Segment Start: Information shown
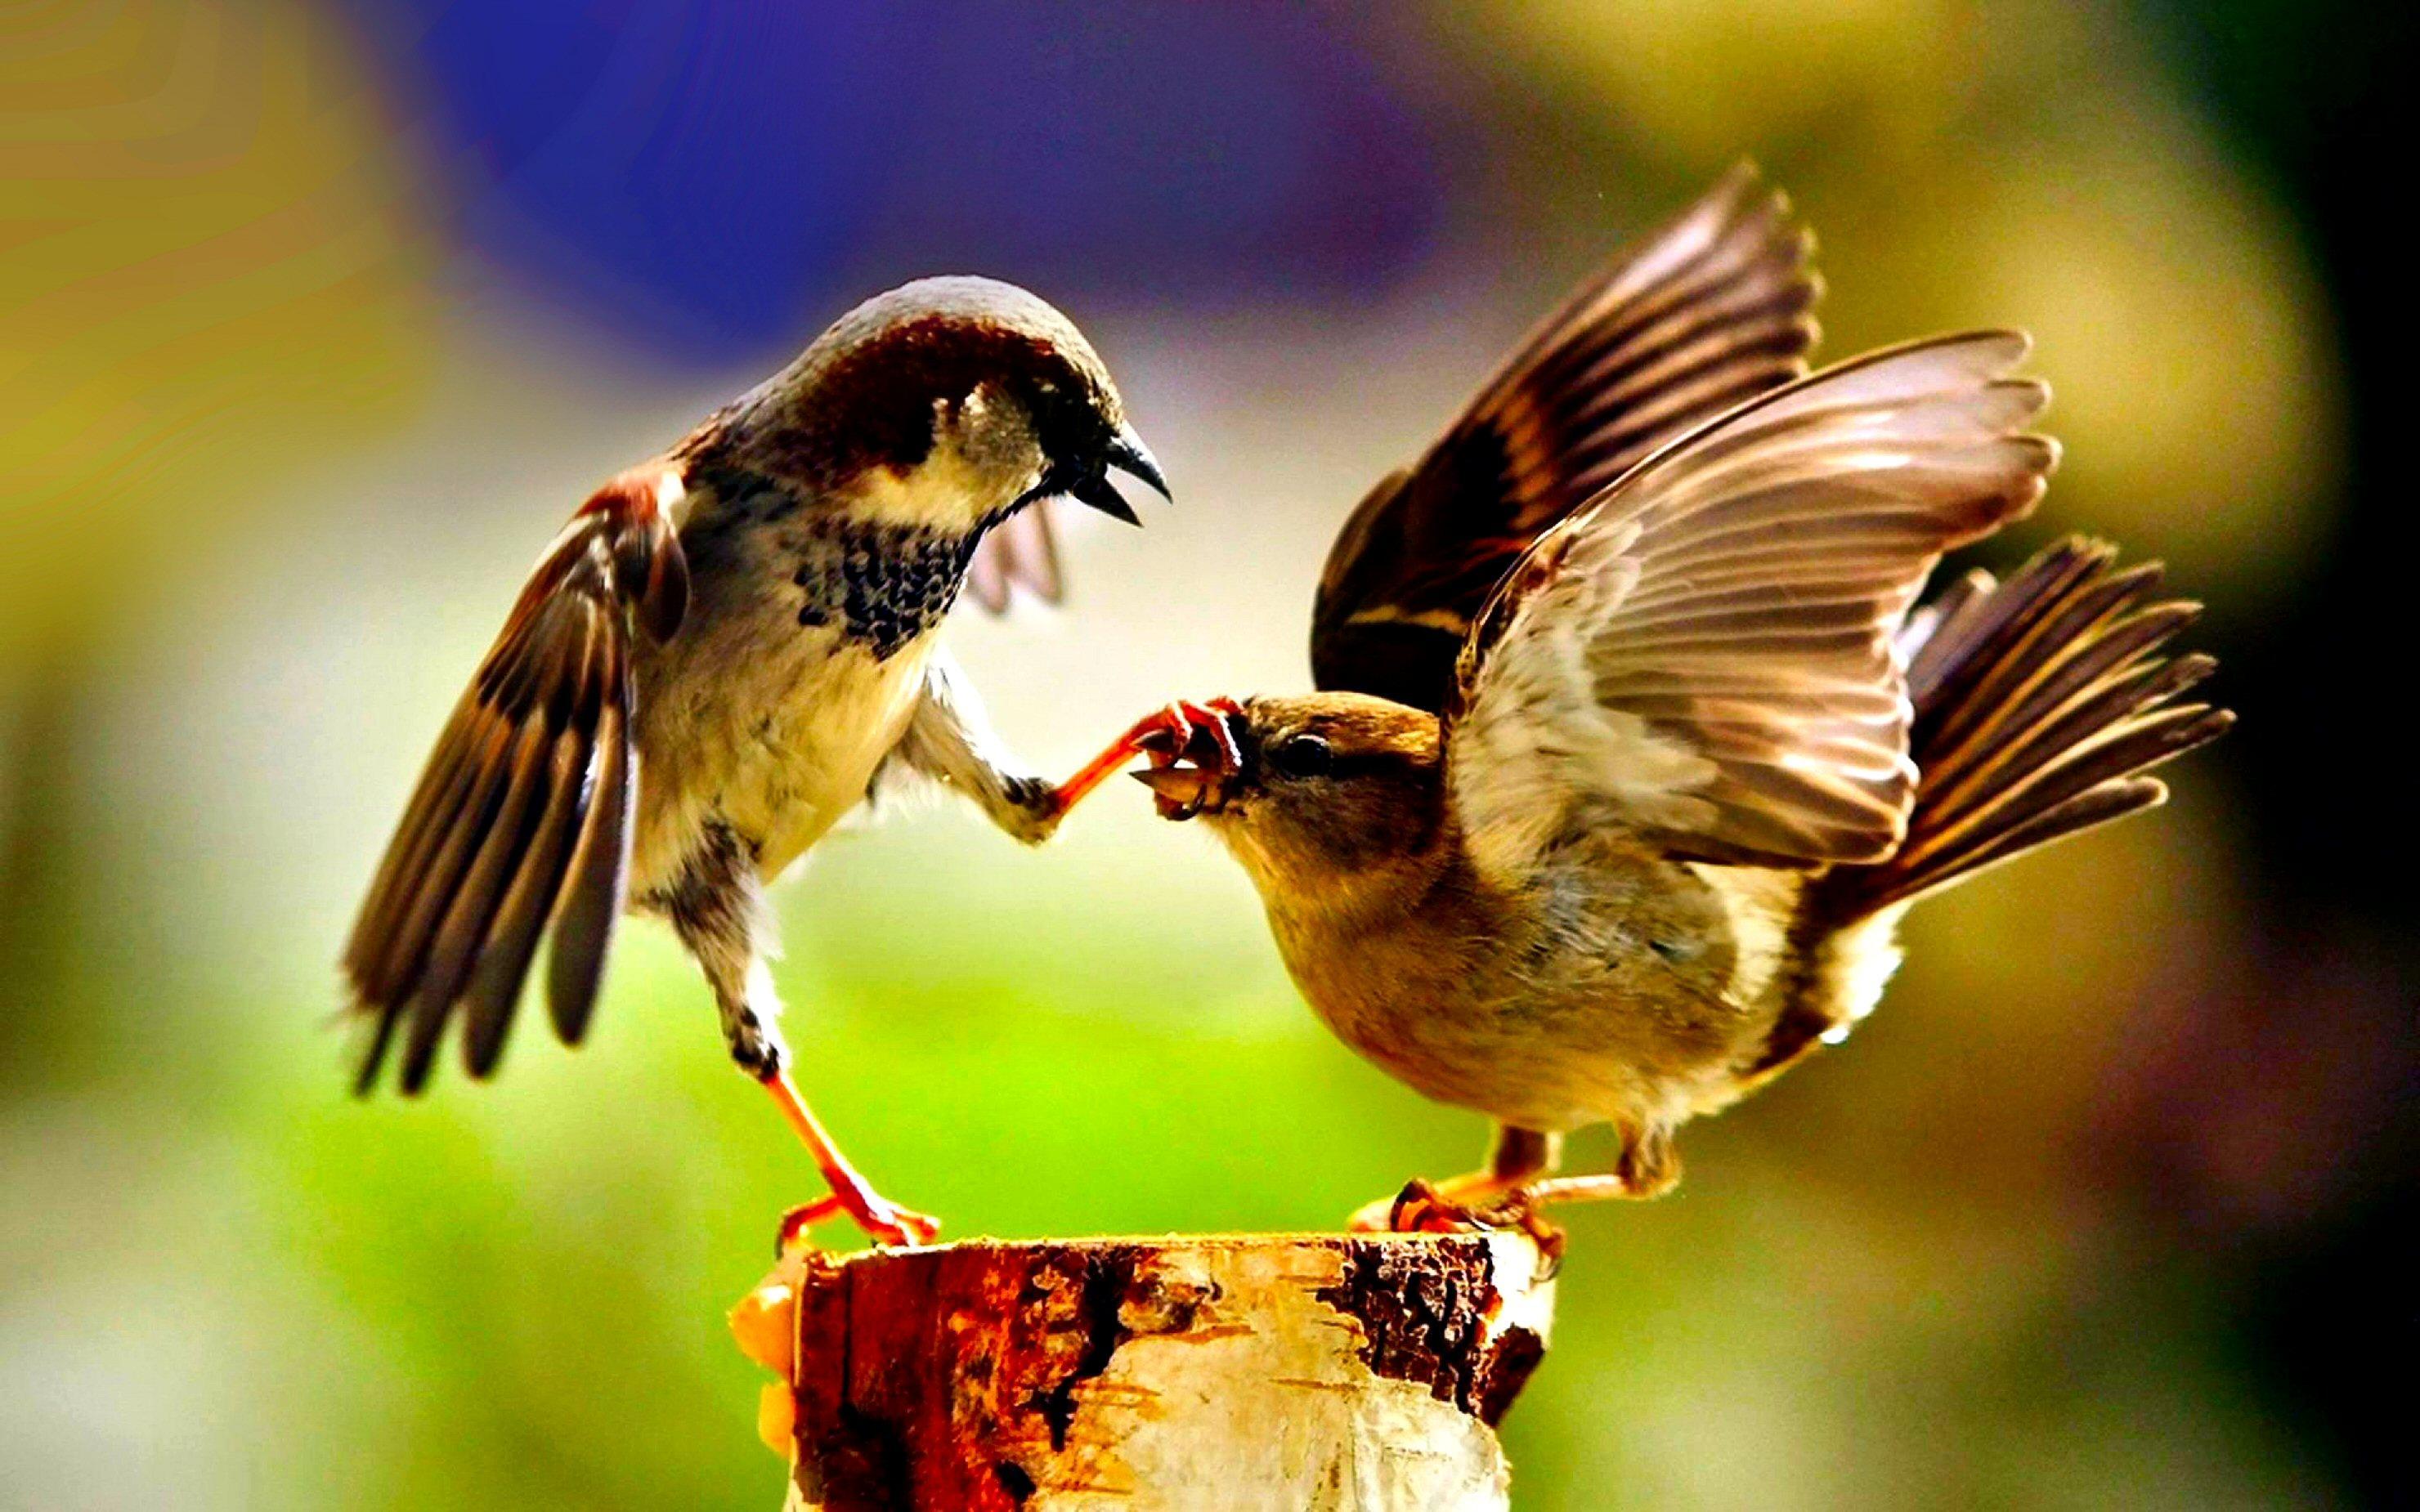 بالصور صور بلابل , صور طيور جميله 3922 6
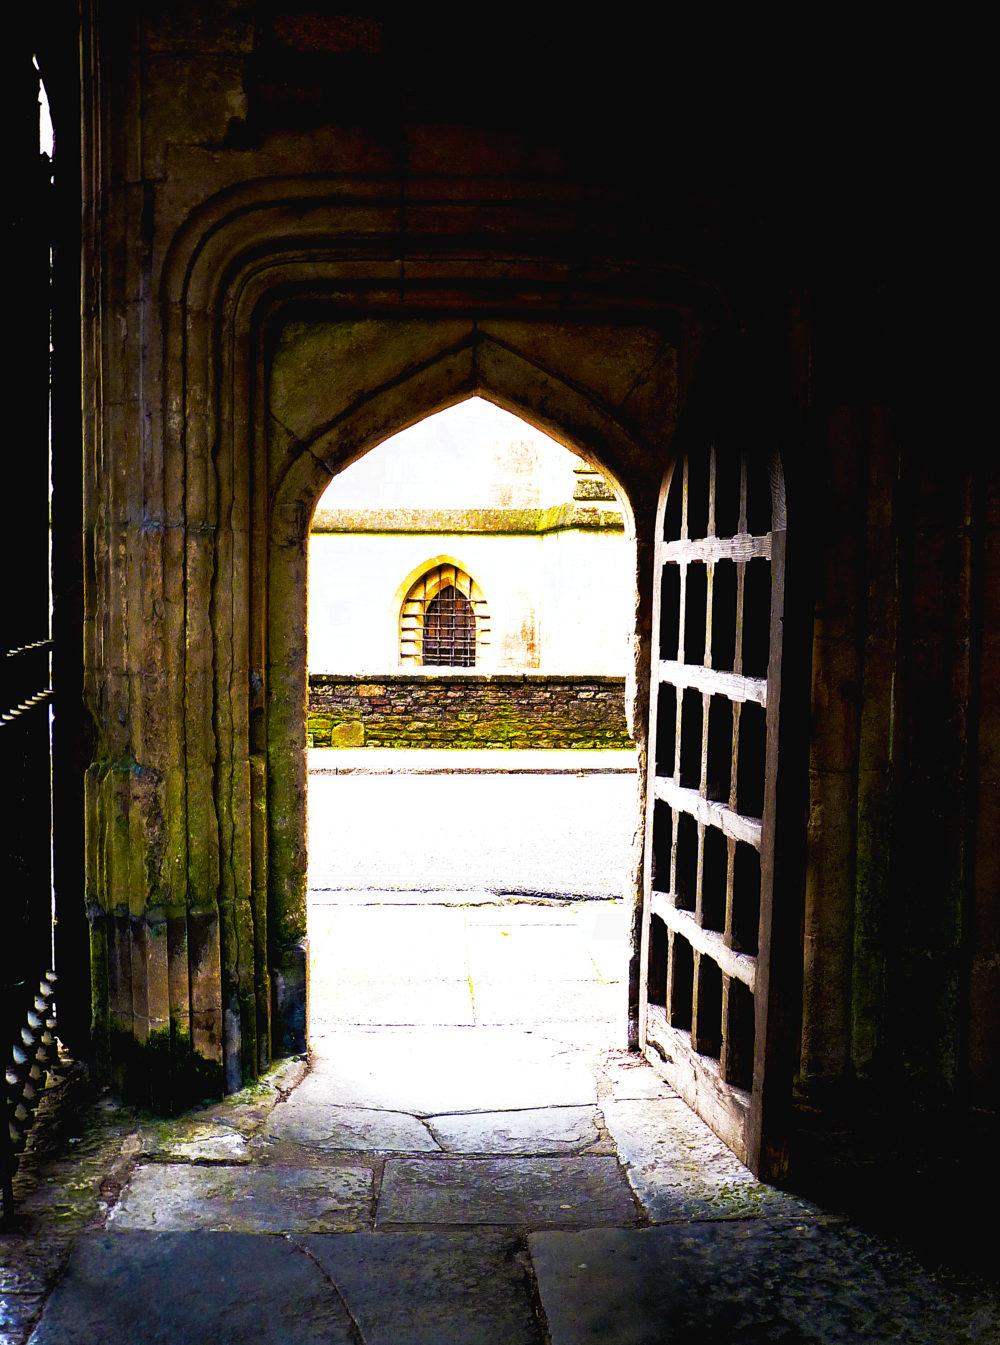 """Wells - doorway vicar's row"" by Sarah is licensed under CC BY 2.0"
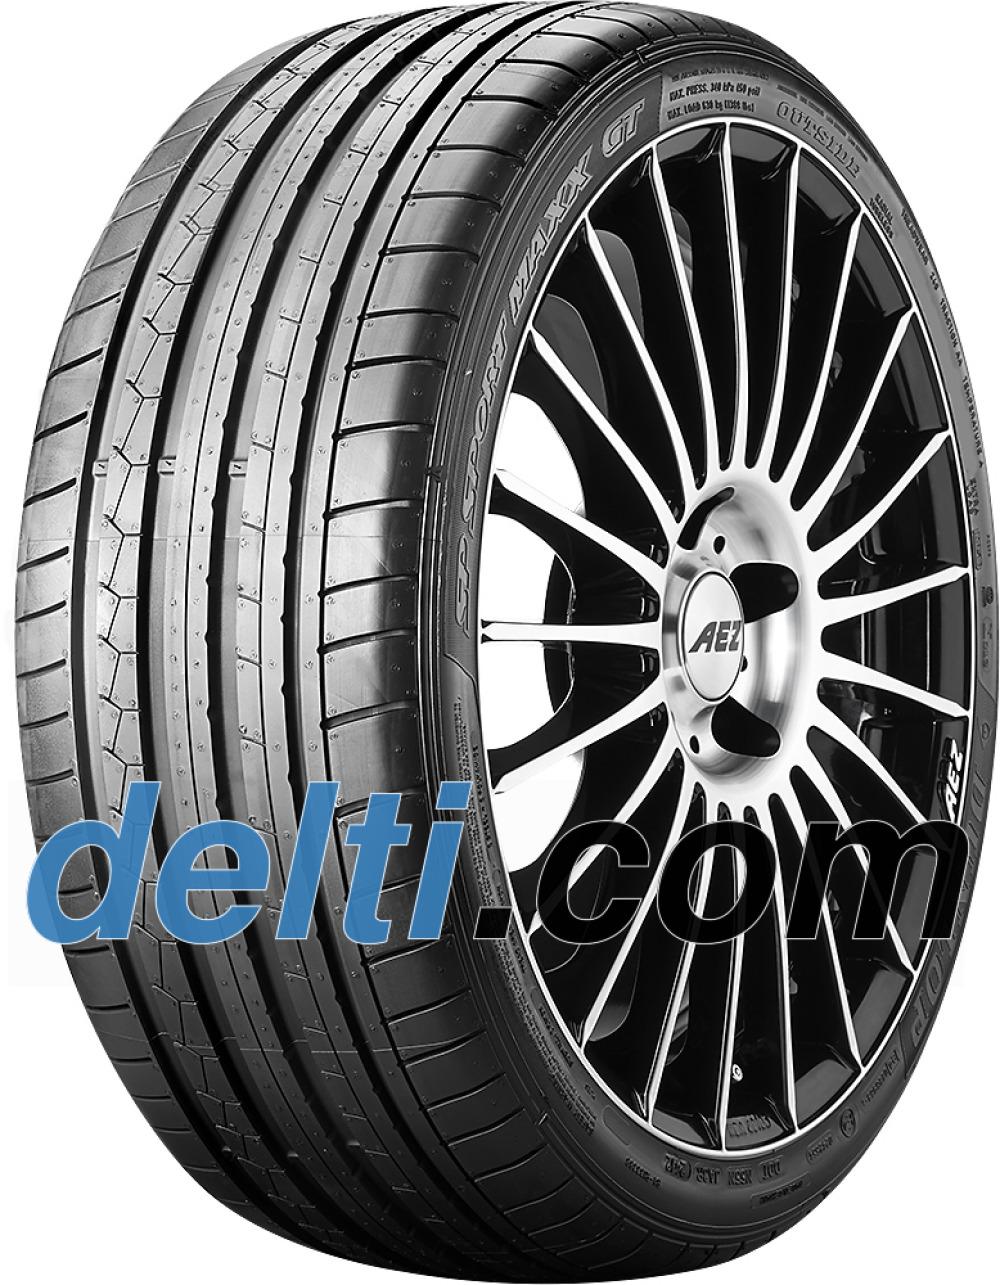 Dunlop SP Sport Maxx GT ( 275/25 ZR20 (91Y) XL med fælgbeskyttelse (MFS) )
Segment End: Information shown
Problem to work on: Leaving the pictures out, output all of the listing exactly.

Output:
 بالصور صور بلابل , صور طيور جميله 3922 6
 """Wells - doorway vicar's row"" by Sarah is licensed under CC BY 2.0"
 Dunlop SP Sport Maxx GT ( 275/25 ZR20 (91Y) XL med fælgbeskyttelse (MFS) )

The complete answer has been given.